Em resposta ao iG , a Unimed Paulistana não disse o porquê de o beneficiário não ter conseguido atendimento. A operadora somente informou que direcionou o caso para a rede da Central Nacional Unimed, seguindo decisão liminar datada do dia 17 de setembro, posterior a ambos os agendamentos das cirurgias.

Harnik também disse que entrou em contato com a ANS, que, segundo ele, não deu qualquer tipo de retorno e nada fez para que as cirurgias acontecessem. A reportagem entrou em contato com a agência, mas não teve retorno até o momento desta publicação.

Transferência de beneficiários

O prazo de 30 dias dado pela ANS para que a Unimed Paulistana repassasse seus cerca de 744 mil beneficiários terminaria nesta sexta-feira (2).
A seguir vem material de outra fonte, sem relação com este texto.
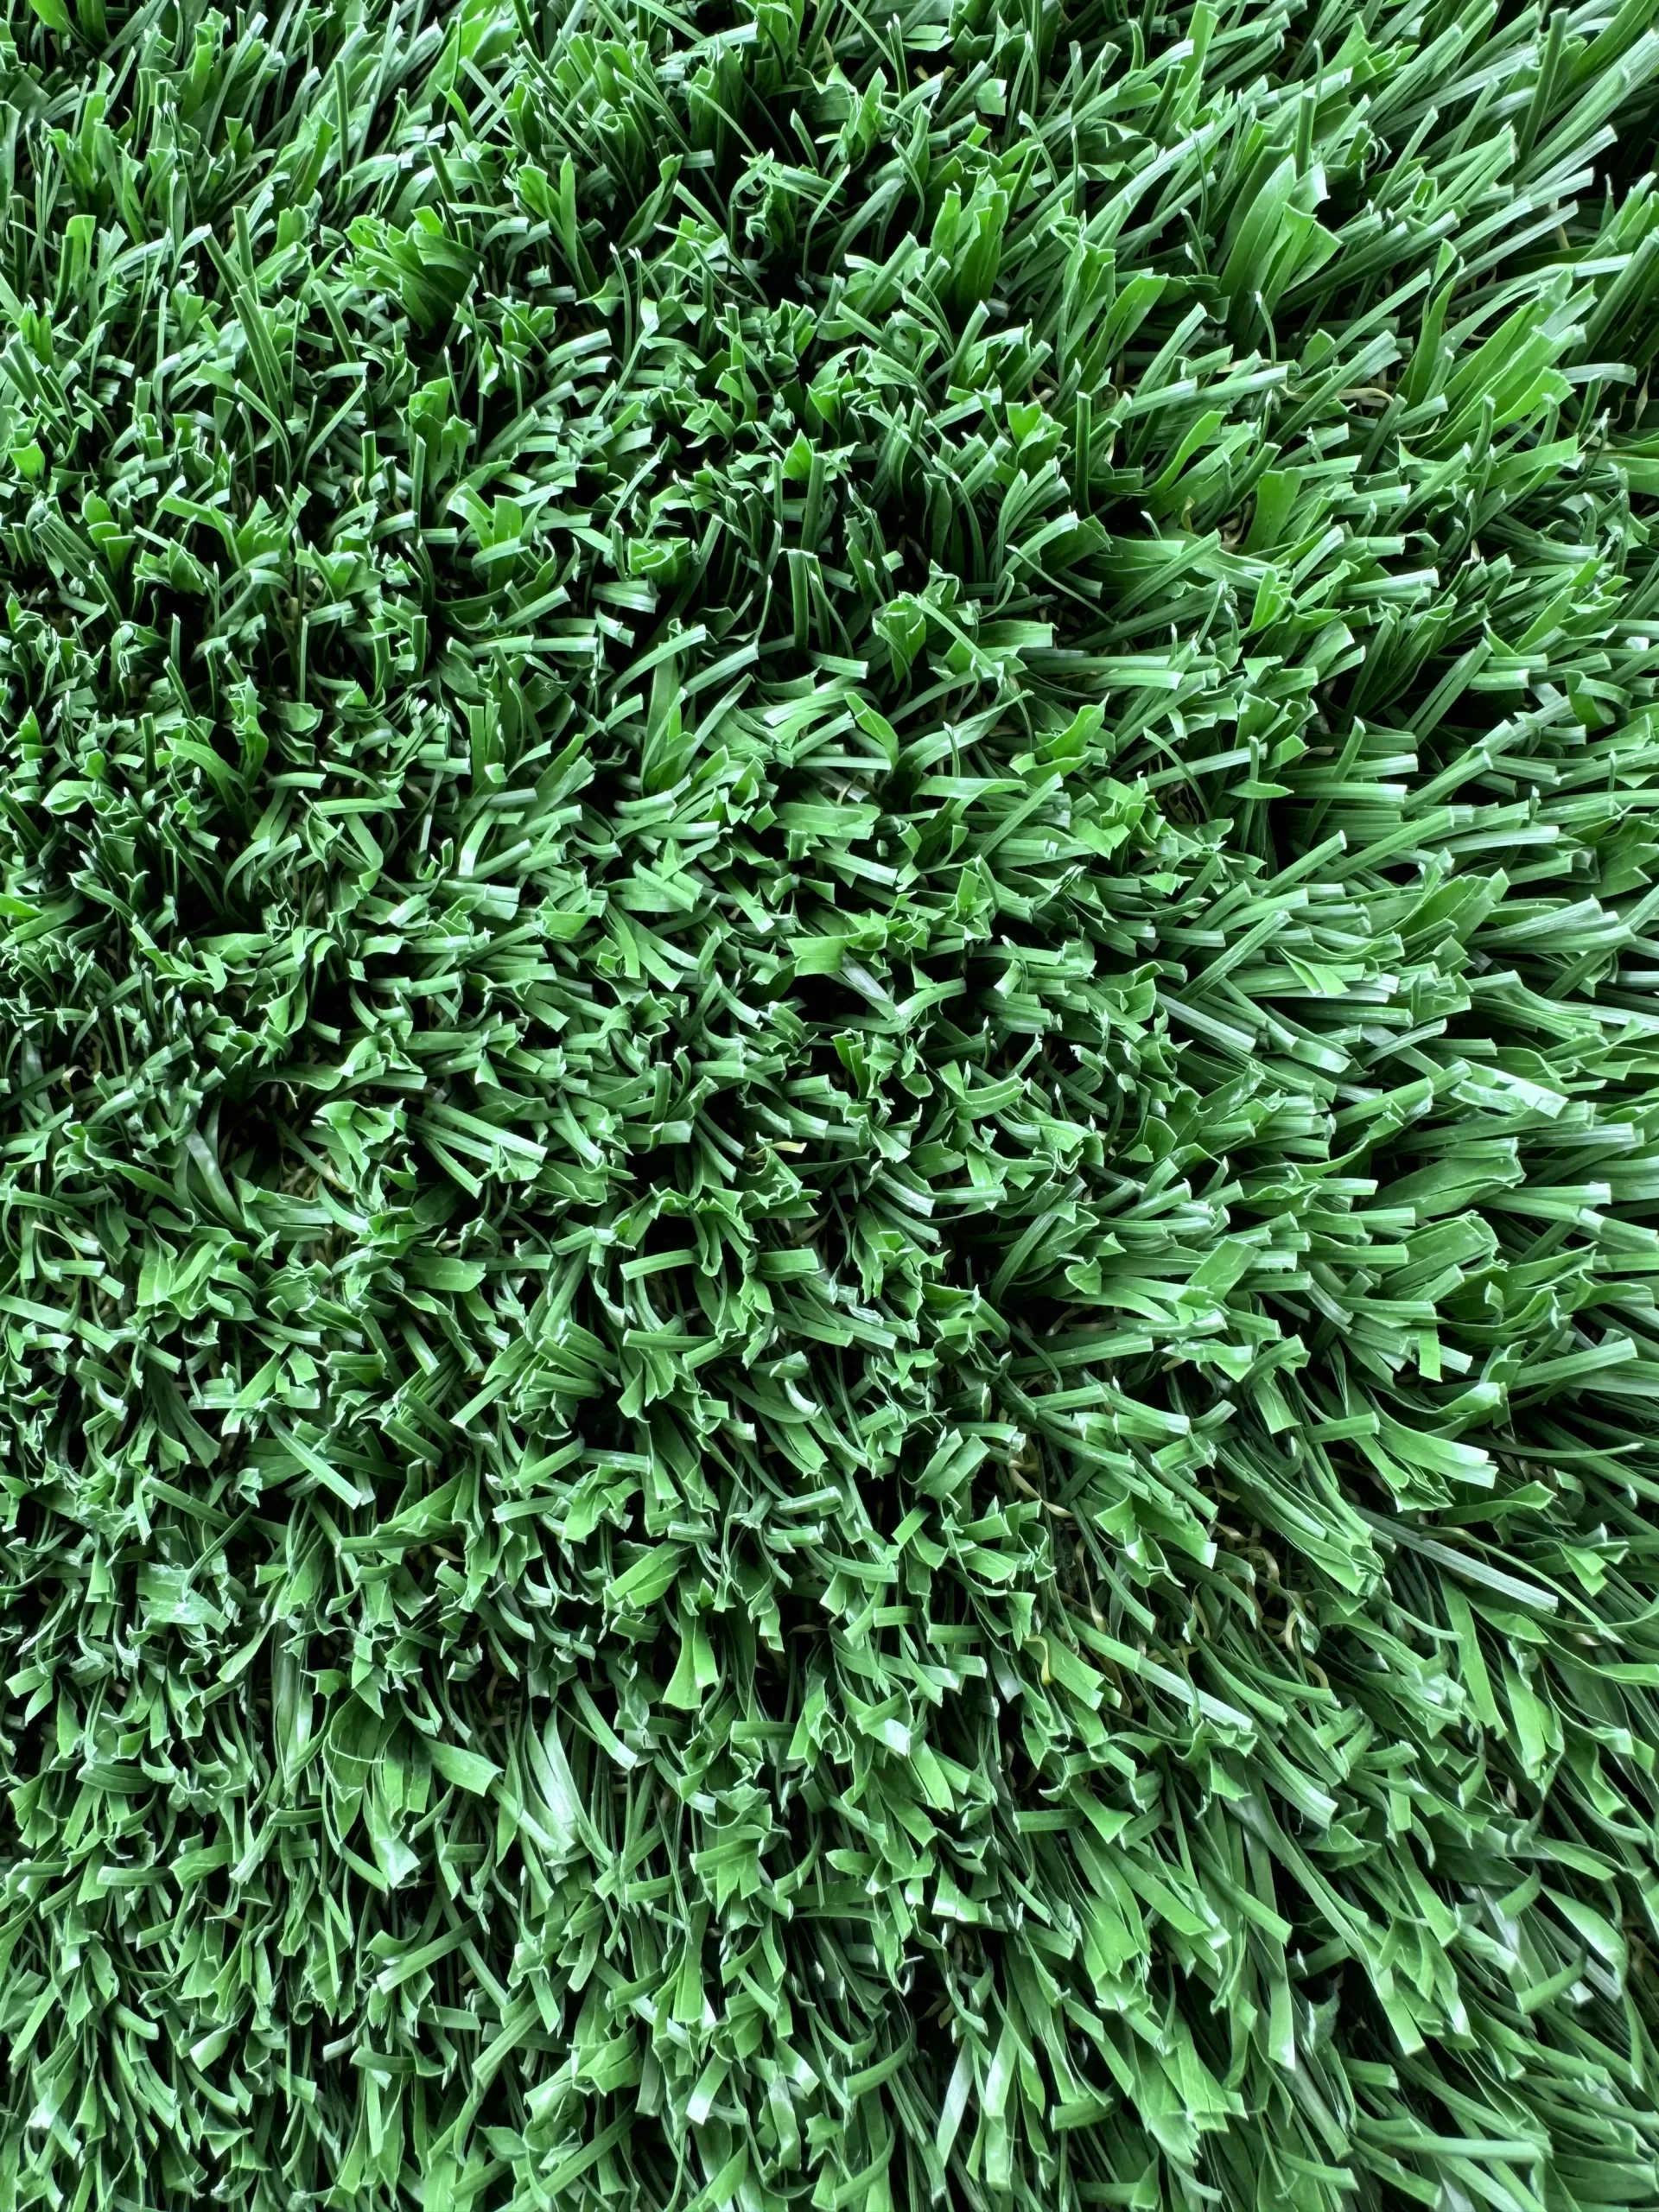 A close up, overhead view of bright green artificial turf.
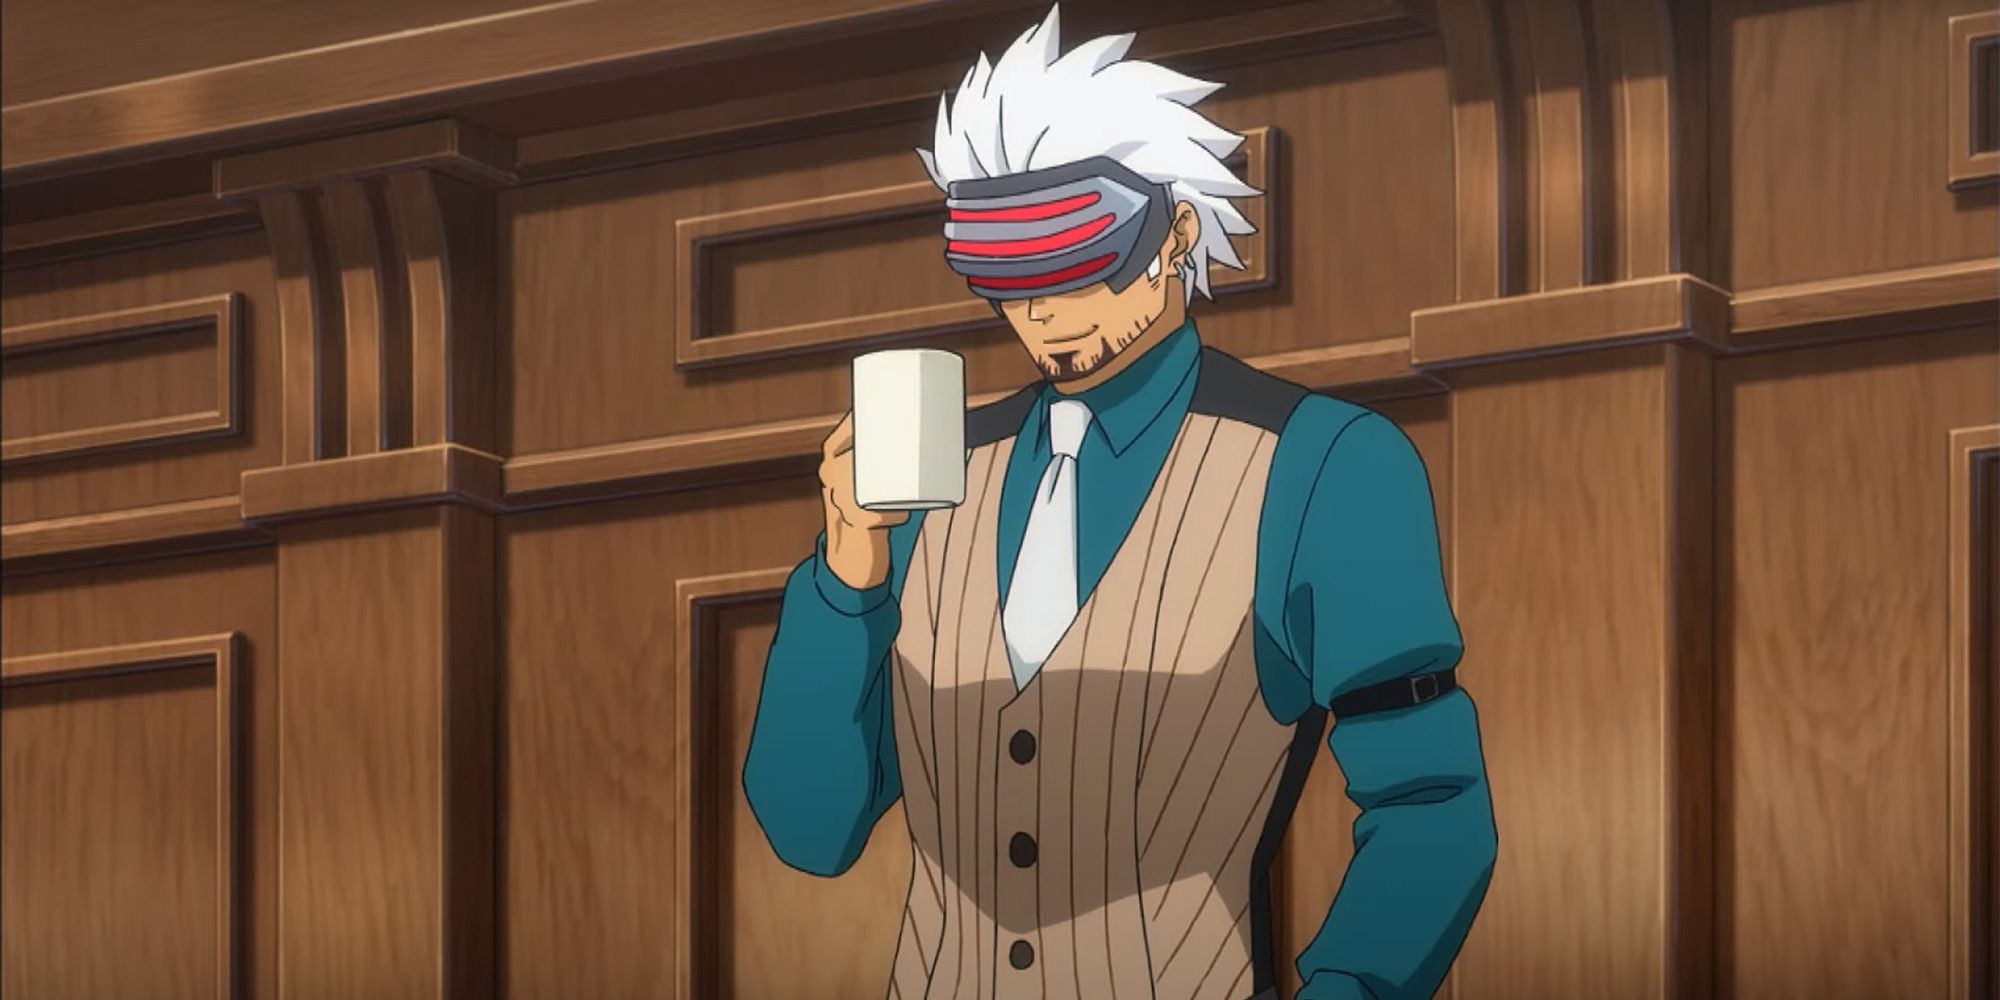 Godot drinking coffee in Ace Attorney
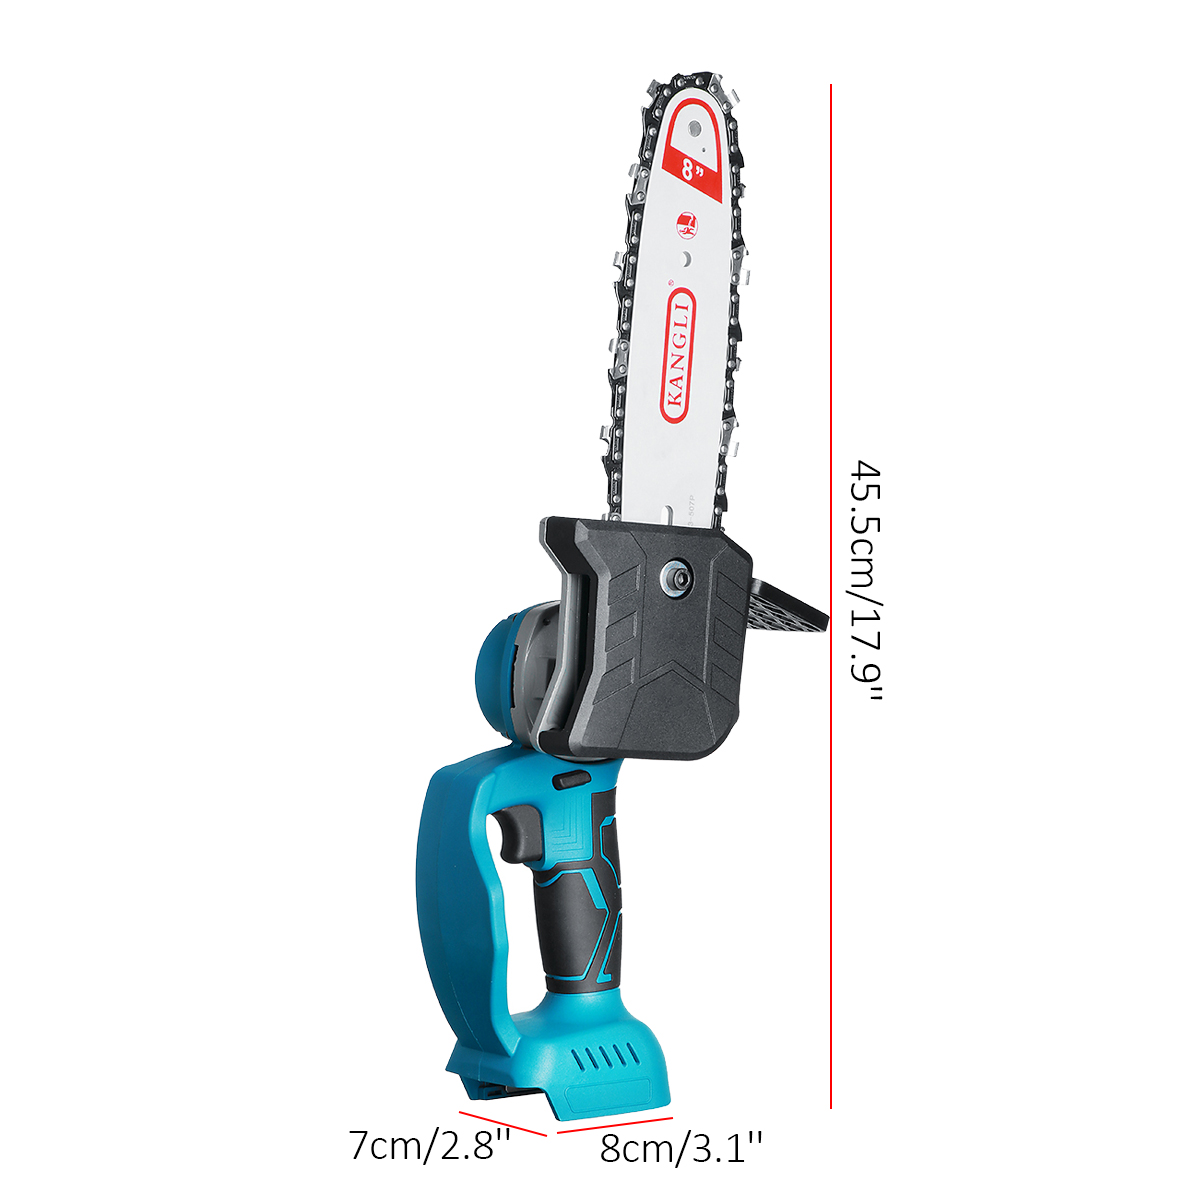 8-Inch-Electric-Chain-Saw-Cordless-Woodworking-Chainsaw-Power-Tool-Fit-For-Makita-18V21V-Battery-1804676-12

Nenhuma operadora se mostrava interessada no repasse total da carteira, o que liberaria toda a carteira da operadora para oferta pública – por meio da qual qualquer empresa poderia oferecer e fazer novos contratos com os clientes.

No entanto, na última quarta-feira (30), a Agência Nacional de Saúde Suplementar (ANS) anunciou um acordo pelo qual o sistema Unimed absorveria todos os clientes de planos individuais/familiares e de coletivos com menos de 30 vidas. Com isso, a alienação compulsória foi suspensa. Os demais beneficiários, segundo o Procon-SP, já teriam sido realocados em outras operadoras.

O órgão de defesa do consumidor recebeu, entre os dias 4 e 29 de setembro, 1.760 reclamações de consumidores por falhas ou falta de atendimento na rede da Unimed Paulistana.